Limitations on Interest Deductibility
The Tax Act significantly modified and expanded the limitations under Section 163(j) for taxable years beginning after December 31, 2018. In general, subject to a small business exception, the Tax Act limits the annual utilization of net business interest expenses to 30% of the taxpayer’s “adjusted taxable income.” Any excess non-deductible net business interest expense will be carried over indefinitely and will be treated as paid or accrued in such subsequent year.
Under the Tax Act, adjusted taxable income generally includes taxable income for the previous year, taking into account interest income or expense and before certain deductions (such as depreciation, amortization, depletion and NOL). For taxable years beginning December 31, 2021, deductions for depreciation, amortization and depletion are taken into account, thereby lowering a taxpayer’s adjusted taxable income.
The Tax Act does not define what constitutes interest for this purpose, and it will be important to learn from future guidance whether items such as original issue discount and debt issuance costs will be treated in a similar way. This limitation on the deductibility of interest may have a significant effect on leveraged acquisitions, leveraged recapitalizations and similar transactions.
A small business exception from the said rules generally applies to businesses with an average gross receipt of $25 million or less. Exceptions are also available to business operating in certain industries, namely, regulated public utilities and real estate (development, management, rental acquisition and construction of real estate).
Certain Research and Development Credits
In general, the Tax Act kept research and development (“R&D”) credits unchanged. For tax years beginning after December 31, 2021, certain R&D expenses must be capitalized over a 60-month period (15 years in the case of certain foreign R&D expenses).
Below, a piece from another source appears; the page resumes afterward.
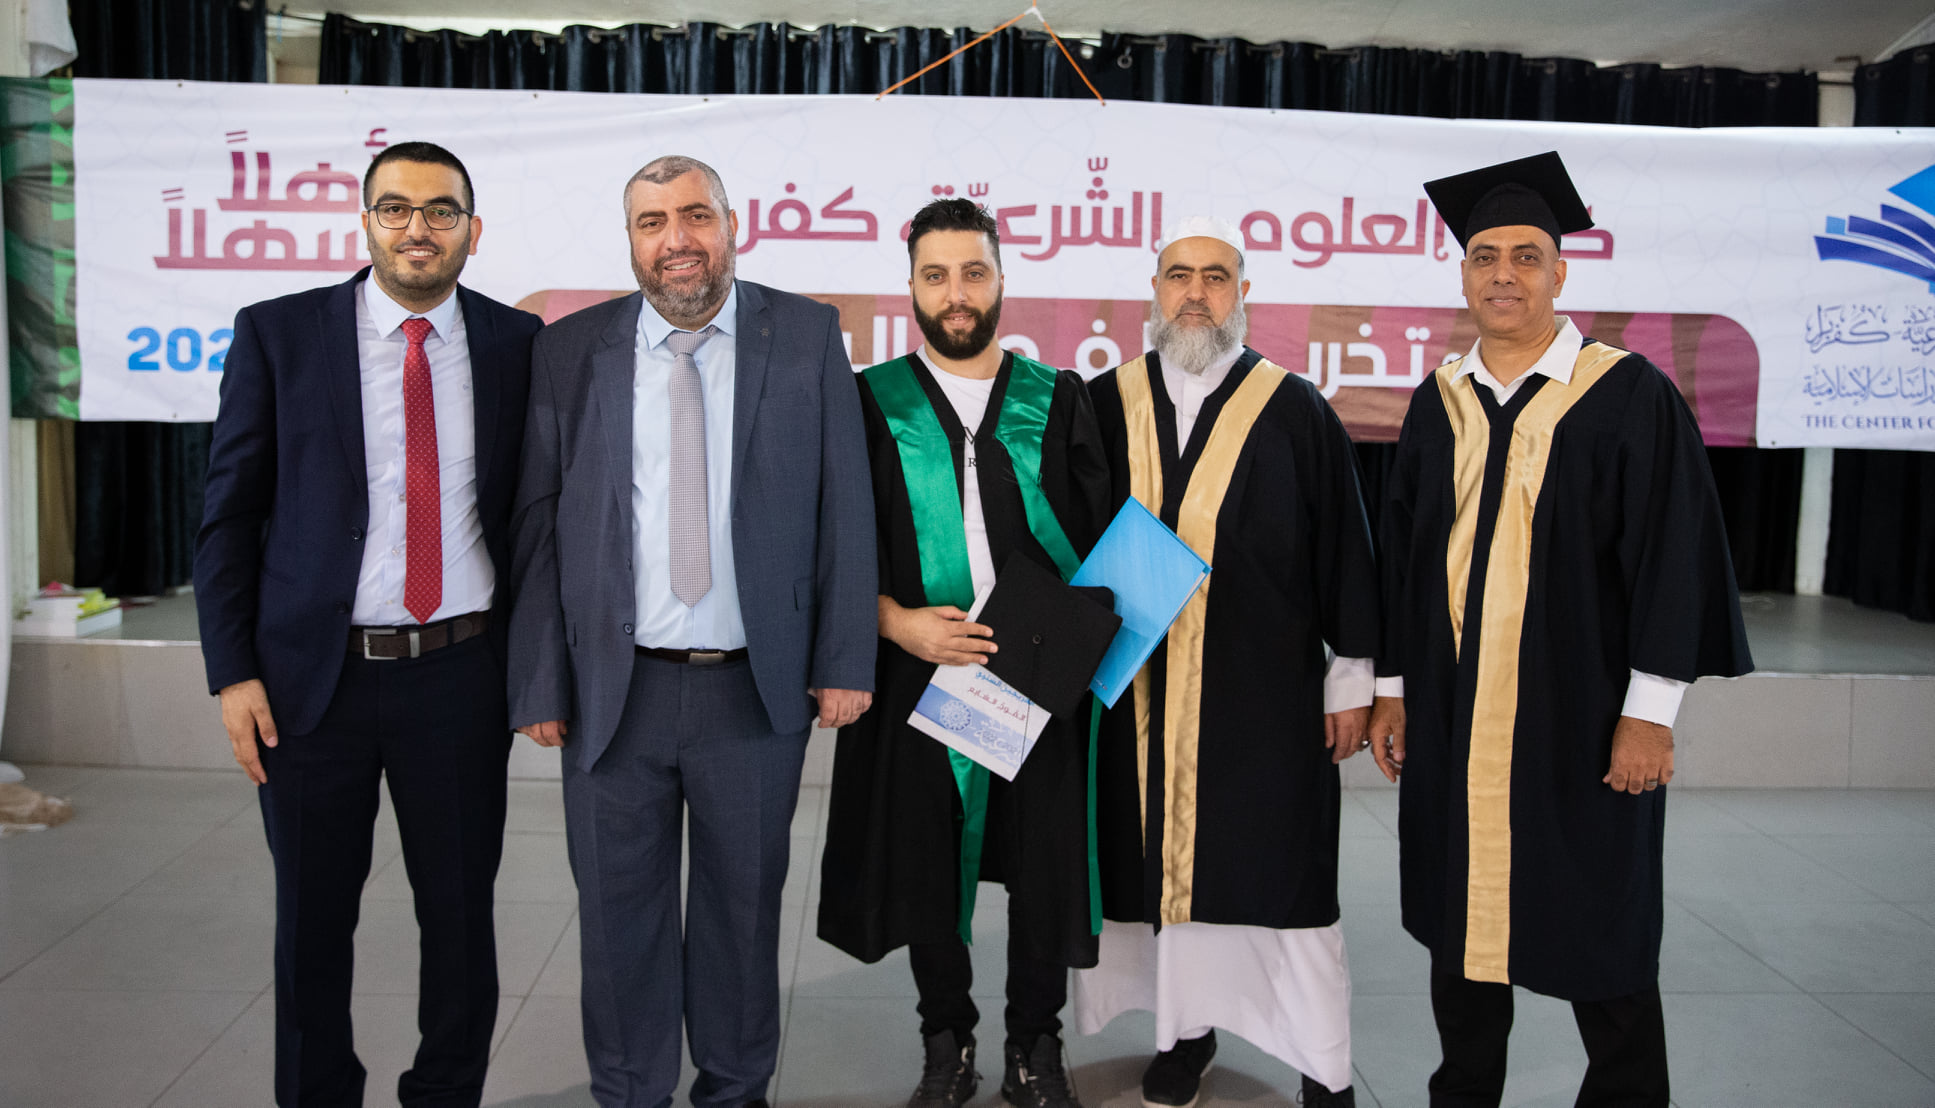 كليةُ العلوم الشرعية في كفربرا تحتفل بتخريج الفوج السابع من طلاب دبلوم الشريعة الإسلامية

For tax years beginning after December 31, 2017, the Tax Act reduces the orphan drug credit to 25% of qualified clinical testing expenses (down from 50% under prior law). The Tax Act provides for a new election to take reduced credit in lieu of reducing qualified testing deductions (which may be beneficial for state tax purposes).
The Tax Act significantly expands the limitation on deductions under Section 162(m) for executive compensation in excess of $1 million. Importantly, the Tax Act eliminates the performance-based compensation exceptions under Section 162(m). As a result, all compensation paid to covered employees, including compensation attributable to the exercise of stock options, will generally be subject to the $1 million deduction limitation. The Tax Act expands the scope of Section 162(m) to include companies with any class of securities registered under Section 12 of the Exchange Act and companies required to file reports under Section 15(d) of the Exchange Act (e.g., companies with publicly traded debt).
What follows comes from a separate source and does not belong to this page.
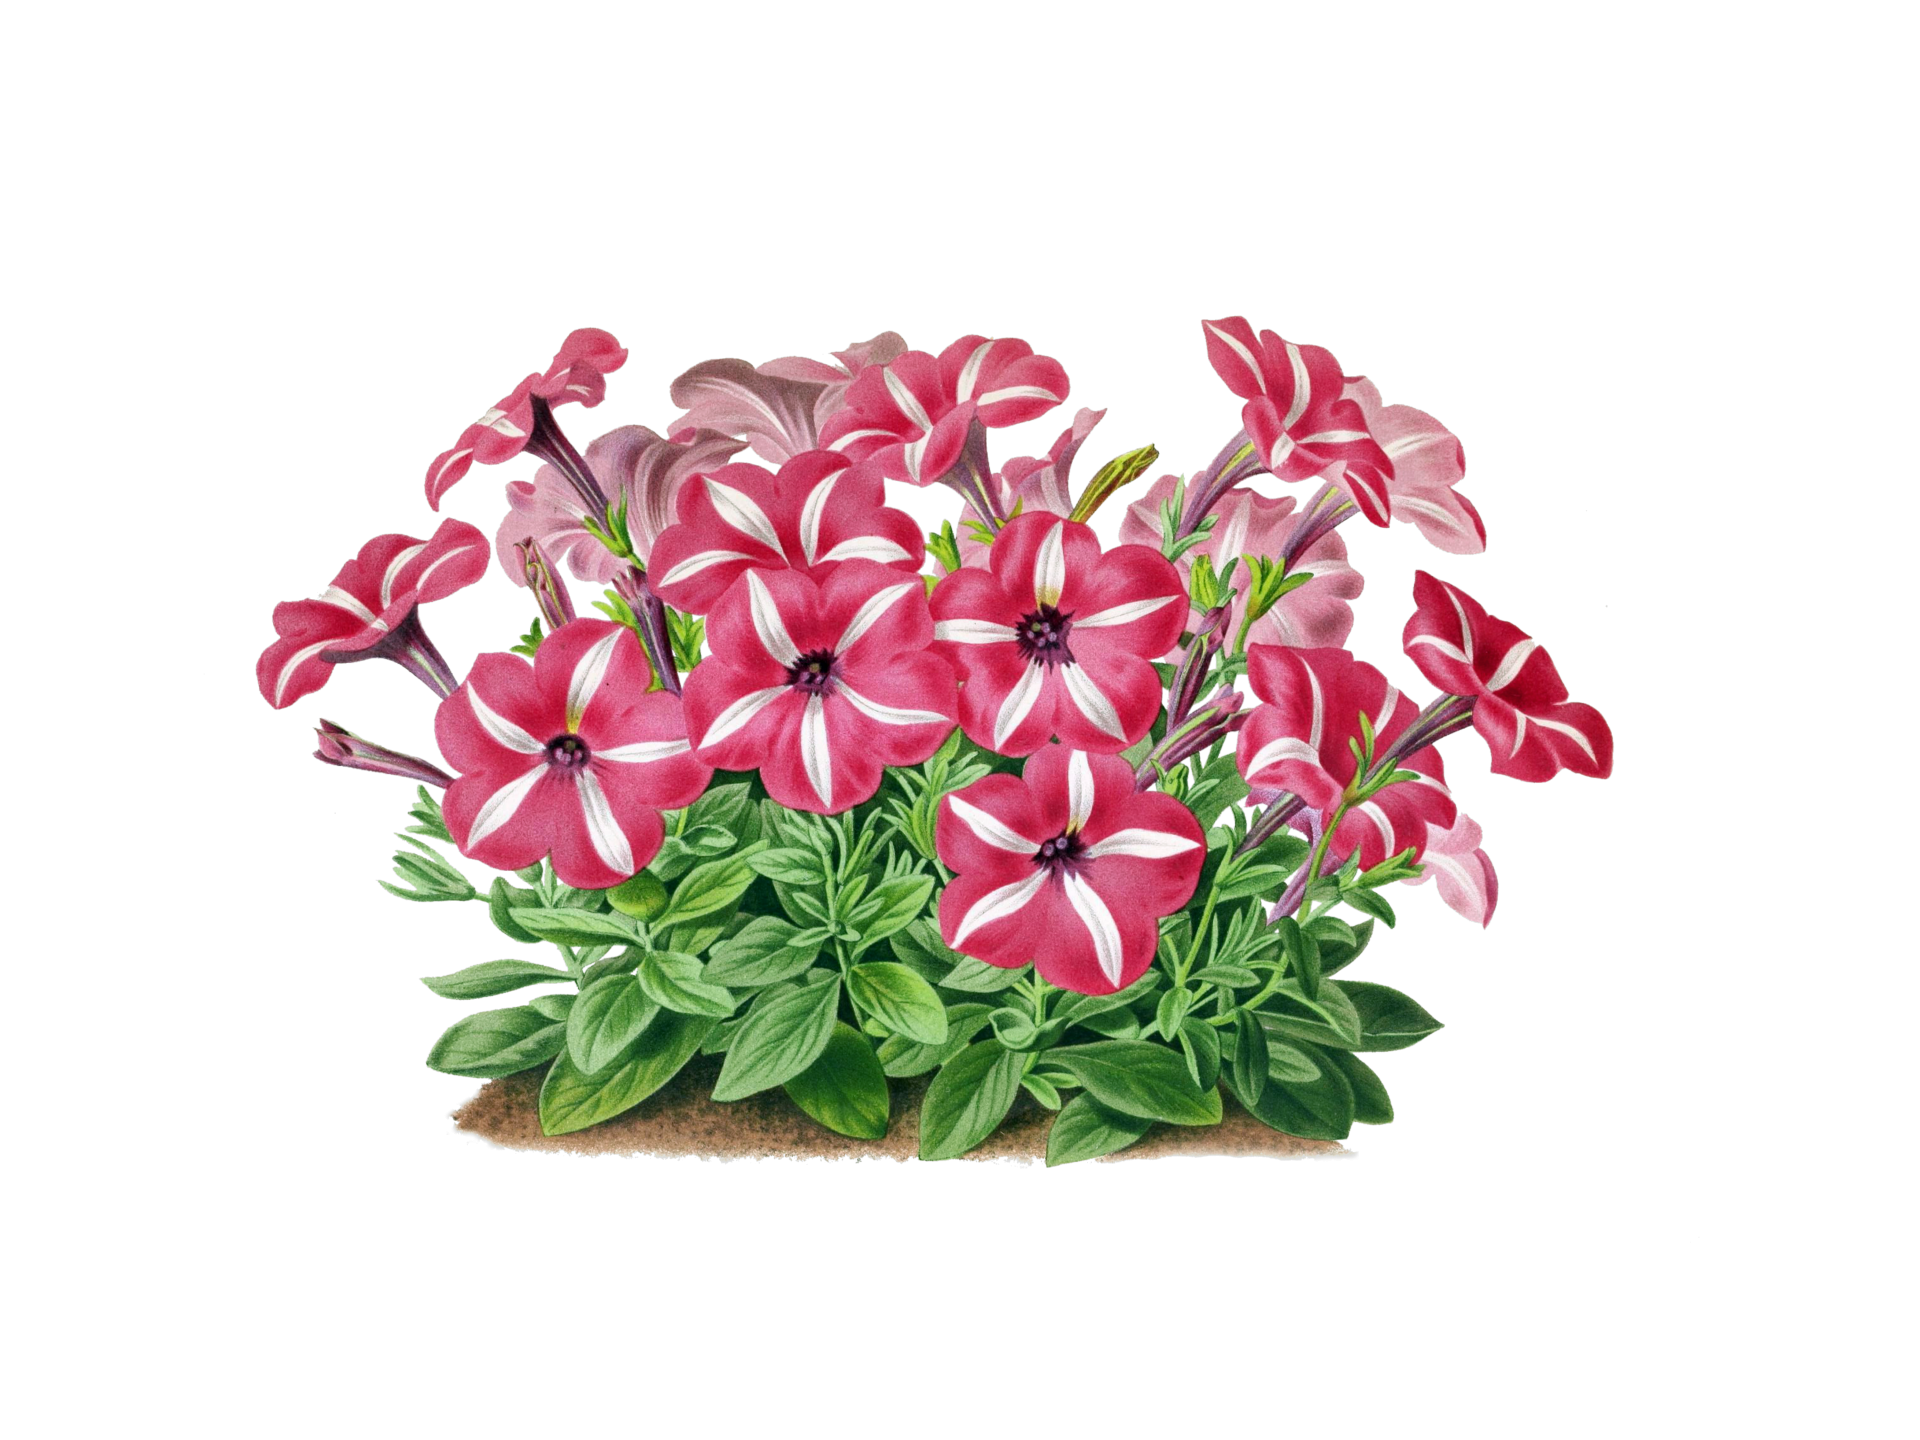 Vintage Floral Petunia Illustration

In addition, the Tax Act expands the definition of “covered employee” to include a company’s chief financial officer and all individuals who were covered employees in any prior year beginning after December 31, 2016, regardless of whether their compensation level or position would cause them to otherwise be a covered employee in a subsequent year.
The Tax Act grandfathers remuneration payable pursuant to a written binding contract that was in effect on November 2, 2017. However, any material modifications to such contract after such date and any renewal of a contract after such date (even under the same terms) would subject the arrangements to the expanded rules of Section 162(m) as modified by the Tax Act.